[<prev] [next>] [thread-next>] [day] [month] [year] [list]
Message-ID: <001401d3c3d0$2a4623d0$7ed26b70$@net>
Date: Sat, 24 Mar 2018 17:28:10 -0700
From: "Doug Smythies" <dsmythies@...us.net>
To: "'Rafael J. Wysocki'" <rjw@...ysocki.net>
Cc: "'Peter Zijlstra'" <peterz@...radead.org>,
"'Frederic Weisbecker'" <fweisbec@...il.com>,
"'Thomas Gleixner'" <tglx@...utronix.de>,
"'Paul McKenney'" <paulmck@...ux.vnet.ibm.com>,
"'Thomas Ilsche'" <thomas.ilsche@...dresden.de>,
"'Rik van Riel'" <riel@...riel.com>,
"'Aubrey Li'" <aubrey.li@...ux.intel.com>,
"'Mike Galbraith'" <mgalbraith@...e.de>,
"'LKML'" <linux-kernel@...r.kernel.org>,
"'Linux PM'" <linux-pm@...r.kernel.org>,
"Doug Smythies" <dsmythies@...us.net>
Subject: RE: [PATCH v3] cpuidle: poll_state: Add time limit to poll_idle()
On 2018.03.14 07:04 Rafael J. Wysocki wrote:
> If poll_idle() is allowed to spin until need_resched() returns 'true',
> it may actually spin for a much longer time than expected by the idle
> governor, since set_tsk_need_resched() is not always called by the
> timer interrupt handler.

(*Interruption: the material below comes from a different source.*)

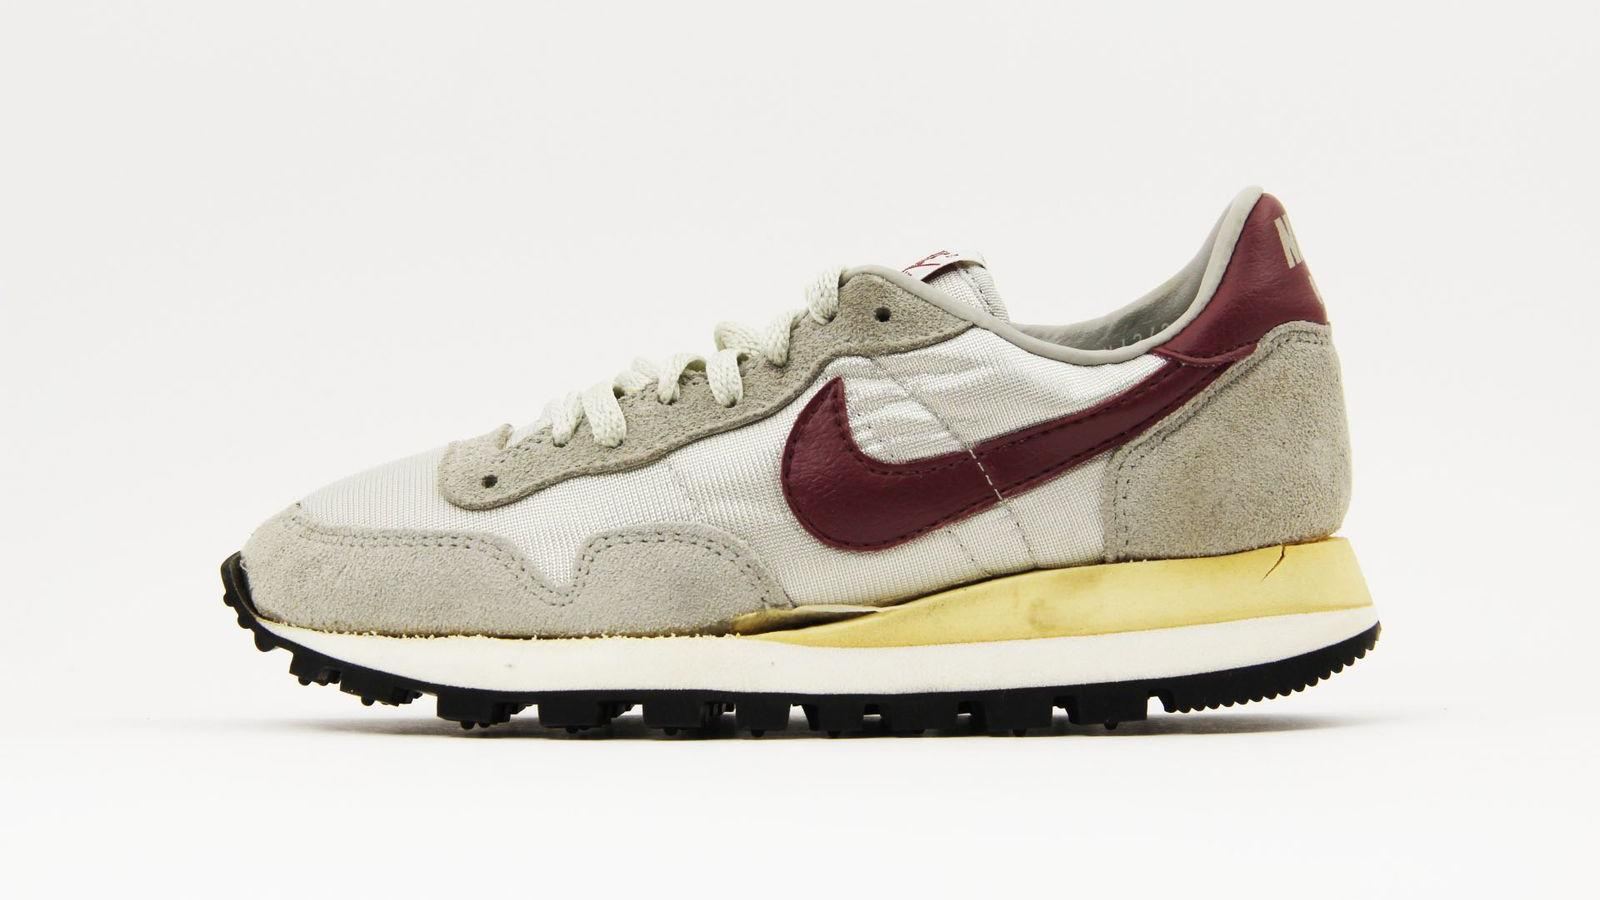 Nike Pegasus mujer 1983

If that happens, the CPU may spend much
> more time than anticipated in the "polling" state.
>
> To prevent that from happening, limit the time of the spinning loop
> in poll_idle().
...[snip]...
> +#define POLL_IDLE_TIME_LIMIT (TICK_NSEC / 16)
The other ongoing threads on this aside, potentially, there might
be another issue.
What if the next available idle state, after 0, has a residency
that is greater than TICK_NSEC / 16? Meaning these numbers, for example:
/sys/devices/system/cpu/cpu0/cpuidle/state*/residency
The suggestion is that upon a timeout exit from idle state 0,
the measured_us should maybe be rejected, because the statistics
are being biased and it doesn't seem to correct itself.
Up to 1300% (<- not a typo) extra power consumption has been observed.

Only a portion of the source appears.